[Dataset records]
________________

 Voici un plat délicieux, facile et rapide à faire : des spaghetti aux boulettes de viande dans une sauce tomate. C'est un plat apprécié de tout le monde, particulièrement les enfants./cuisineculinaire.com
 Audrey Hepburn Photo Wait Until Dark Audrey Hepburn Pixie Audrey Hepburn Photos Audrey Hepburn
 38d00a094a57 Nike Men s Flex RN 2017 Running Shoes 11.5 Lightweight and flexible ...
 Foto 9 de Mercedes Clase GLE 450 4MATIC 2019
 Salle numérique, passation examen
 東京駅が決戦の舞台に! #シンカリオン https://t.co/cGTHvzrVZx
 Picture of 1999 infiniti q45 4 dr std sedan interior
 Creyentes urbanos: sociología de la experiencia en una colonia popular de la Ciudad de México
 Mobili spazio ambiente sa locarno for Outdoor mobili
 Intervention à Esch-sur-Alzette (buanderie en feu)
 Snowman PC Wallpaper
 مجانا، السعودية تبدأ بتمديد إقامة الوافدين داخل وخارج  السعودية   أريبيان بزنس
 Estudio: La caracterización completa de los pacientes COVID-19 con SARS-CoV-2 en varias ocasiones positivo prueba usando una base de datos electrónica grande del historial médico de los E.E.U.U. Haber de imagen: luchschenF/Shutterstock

________________

» Task directions
Every entry is to be printed exactly as given.

» Answer section
 Voici un plat délicieux, facile et rapide à faire : des spaghetti aux boulettes de viande dans une sauce tomate. C'est un plat apprécié de tout le monde, particulièrement les enfants./cuisineculinaire.com
 Audrey Hepburn Photo Wait Until Dark Audrey Hepburn Pixie Audrey Hepburn Photos Audrey Hepburn
 38d00a094a57 Nike Men s Flex RN 2017 Running Shoes 11.5 Lightweight and flexible ...
 Foto 9 de Mercedes Clase GLE 450 4MATIC 2019
 Salle numérique, passation examen
 東京駅が決戦の舞台に! #シンカリオン https://t.co/cGTHvzrVZx
 Picture of 1999 infiniti q45 4 dr std sedan interior
 Creyentes urbanos: sociología de la experiencia en una colonia popular de la Ciudad de México
 Mobili spazio ambiente sa locarno for Outdoor mobili
 Intervention à Esch-sur-Alzette (buanderie en feu)
 Snowman PC Wallpaper
 مجانا، السعودية تبدأ بتمديد إقامة الوافدين داخل وخارج  السعودية   أريبيان بزنس
 Estudio: La caracterización completa de los pacientes COVID-19 con SARS-CoV-2 en varias ocasiones positivo prueba usando una base de datos electrónica grande del historial médico de los E.E.U.U. Haber de imagen: luchschenF/Shutterstock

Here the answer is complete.